## Description of the task:
Each entry must be written out again exactly as it stands.

## Supplied records:
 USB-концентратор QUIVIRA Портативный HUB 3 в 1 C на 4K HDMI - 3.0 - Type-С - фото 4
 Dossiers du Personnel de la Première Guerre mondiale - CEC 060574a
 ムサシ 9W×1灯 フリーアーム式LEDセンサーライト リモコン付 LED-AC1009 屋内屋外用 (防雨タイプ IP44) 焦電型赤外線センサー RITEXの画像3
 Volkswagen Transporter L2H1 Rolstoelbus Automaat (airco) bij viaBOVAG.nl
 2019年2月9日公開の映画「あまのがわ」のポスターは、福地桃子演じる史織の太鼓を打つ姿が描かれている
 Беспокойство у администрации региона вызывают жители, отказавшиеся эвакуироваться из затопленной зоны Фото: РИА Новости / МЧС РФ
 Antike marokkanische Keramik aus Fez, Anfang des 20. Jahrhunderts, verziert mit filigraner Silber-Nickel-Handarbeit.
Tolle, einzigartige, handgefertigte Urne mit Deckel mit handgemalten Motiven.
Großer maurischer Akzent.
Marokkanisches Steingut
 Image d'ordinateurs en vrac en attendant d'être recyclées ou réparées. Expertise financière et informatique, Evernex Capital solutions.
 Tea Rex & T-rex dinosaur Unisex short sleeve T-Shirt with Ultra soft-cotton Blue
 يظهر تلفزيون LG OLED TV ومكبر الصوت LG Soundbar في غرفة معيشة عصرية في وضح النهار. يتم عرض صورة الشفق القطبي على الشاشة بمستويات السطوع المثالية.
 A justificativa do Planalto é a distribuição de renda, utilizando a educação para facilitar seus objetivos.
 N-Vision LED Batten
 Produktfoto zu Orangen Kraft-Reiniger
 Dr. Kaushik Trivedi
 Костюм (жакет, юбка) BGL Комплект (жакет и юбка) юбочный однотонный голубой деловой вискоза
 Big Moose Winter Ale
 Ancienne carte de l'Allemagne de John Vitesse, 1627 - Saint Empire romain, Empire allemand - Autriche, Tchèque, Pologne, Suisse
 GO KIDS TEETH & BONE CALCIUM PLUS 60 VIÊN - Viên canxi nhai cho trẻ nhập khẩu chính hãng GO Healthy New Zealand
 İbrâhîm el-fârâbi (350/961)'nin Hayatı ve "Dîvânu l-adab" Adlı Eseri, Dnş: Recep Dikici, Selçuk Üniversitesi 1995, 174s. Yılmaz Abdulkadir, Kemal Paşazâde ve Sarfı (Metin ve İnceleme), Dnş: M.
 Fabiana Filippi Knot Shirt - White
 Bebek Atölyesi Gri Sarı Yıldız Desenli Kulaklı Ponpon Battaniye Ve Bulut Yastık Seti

## Answer section:
 USB-концентратор QUIVIRA Портативный HUB 3 в 1 C на 4K HDMI - 3.0 - Type-С - фото 4
 Dossiers du Personnel de la Première Guerre mondiale - CEC 060574a
 ムサシ 9W×1灯 フリーアーム式LEDセンサーライト リモコン付 LED-AC1009 屋内屋外用 (防雨タイプ IP44) 焦電型赤外線センサー RITEXの画像3
 Volkswagen Transporter L2H1 Rolstoelbus Automaat (airco) bij viaBOVAG.nl
 2019年2月9日公開の映画「あまのがわ」のポスターは、福地桃子演じる史織の太鼓を打つ姿が描かれている
 Беспокойство у администрации региона вызывают жители, отказавшиеся эвакуироваться из затопленной зоны Фото: РИА Новости / МЧС РФ
 Antike marokkanische Keramik aus Fez, Anfang des 20. Jahrhunderts, verziert mit filigraner Silber-Nickel-Handarbeit.
Tolle, einzigartige, handgefertigte Urne mit Deckel mit handgemalten Motiven.
Großer maurischer Akzent.
Marokkanisches Steingut
 Image d'ordinateurs en vrac en attendant d'être recyclées ou réparées. Expertise financière et informatique, Evernex Capital solutions.
 Tea Rex & T-rex dinosaur Unisex short sleeve T-Shirt with Ultra soft-cotton Blue
 يظهر تلفزيون LG OLED TV ومكبر الصوت LG Soundbar في غرفة معيشة عصرية في وضح النهار. يتم عرض صورة الشفق القطبي على الشاشة بمستويات السطوع المثالية.
 A justificativa do Planalto é a distribuição de renda, utilizando a educação para facilitar seus objetivos.
 N-Vision LED Batten
 Produktfoto zu Orangen Kraft-Reiniger
 Dr. Kaushik Trivedi
 Костюм (жакет, юбка) BGL Комплект (жакет и юбка) юбочный однотонный голубой деловой вискоза
 Big Moose Winter Ale
 Ancienne carte de l'Allemagne de John Vitesse, 1627 - Saint Empire romain, Empire allemand - Autriche, Tchèque, Pologne, Suisse
 GO KIDS TEETH & BONE CALCIUM PLUS 60 VIÊN - Viên canxi nhai cho trẻ nhập khẩu chính hãng GO Healthy New Zealand
 İbrâhîm el-fârâbi (350/961)'nin Hayatı ve "Dîvânu l-adab" Adlı Eseri, Dnş: Recep Dikici, Selçuk Üniversitesi 1995, 174s. Yılmaz Abdulkadir, Kemal Paşazâde ve Sarfı (Metin ve İnceleme), Dnş: M.
 Fabiana Filippi Knot Shirt - White
 Bebek Atölyesi Gri Sarı Yıldız Desenli Kulaklı Ponpon Battaniye Ve Bulut Yastık Seti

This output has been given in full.